Here is a Wiki article on flying wings for anyone interested.

I’d say that the initial capital costs would be more of a detriment than instability in the design. Modern jets aren’t inherently stable without computer controls anyway, but a flying wing design would be much more expensive initially than a conventional freight air craft, and I doubt the ROI would be worth the initial costs.

-XT

If you want to fly fast with efficiency, you need small(ish) wings. If you want to haul significant numbers of passengers / tons of cargo with efficiency, you need to put these in a tolerably narrow fuselage to which those smallish wings are attached.

The task of making a large flying wing controllable is manageable. But flying it at airline speeds will be inefficient. Its efficient speed will be unacceptably slow (which is another form of inefficiency).

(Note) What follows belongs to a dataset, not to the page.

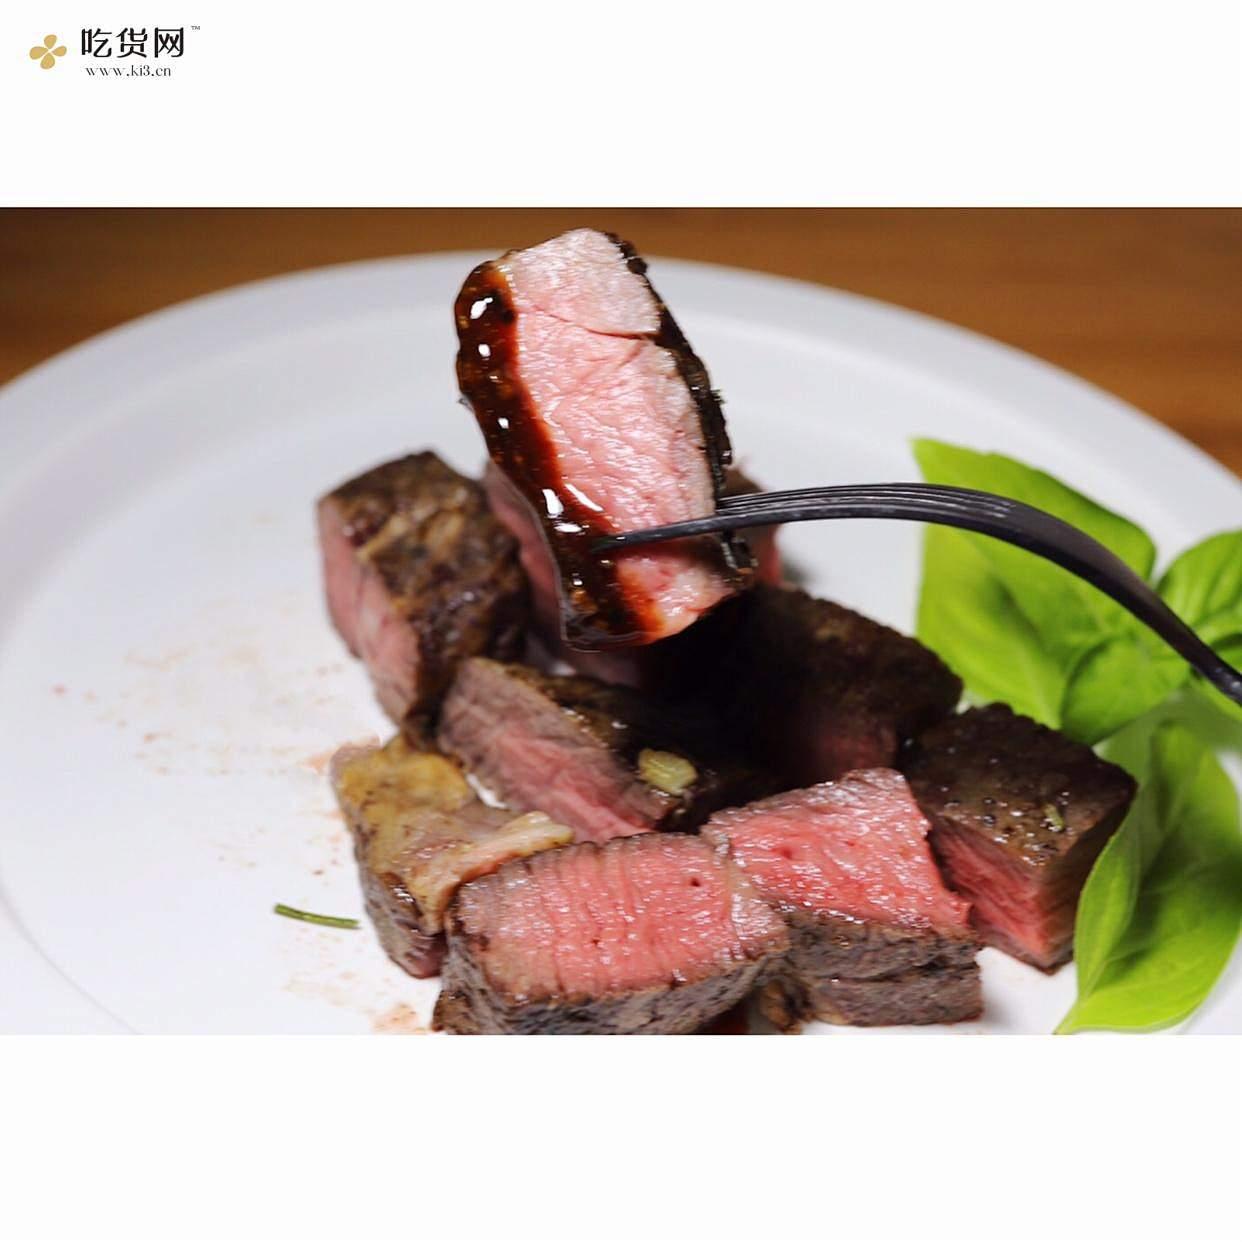 烤肉眼牛排【外焦里嫩】的做法 步骤14

I saw a program on this (Discovery Channel?) a couple of years ago. There’s another issue besides the stability problem: passengers like windows, and flying wings don’t have very many. It seems like a trivial issue, but apparently, it’s actually a huge barrier. Airlines don’t want planes that passengers don’t want to board.

There are two other factors that I know of.

Cost of construction. The fuselage of most jets is just a tube. Easy to build, and easy to engineer to take the loads and pressurization cycles. The 707, 727, 737, and 757 all had the same fuselage cross section. The joke was that Boeing had a big sausage machine that churned it out, and they just cut off whatever length they needed.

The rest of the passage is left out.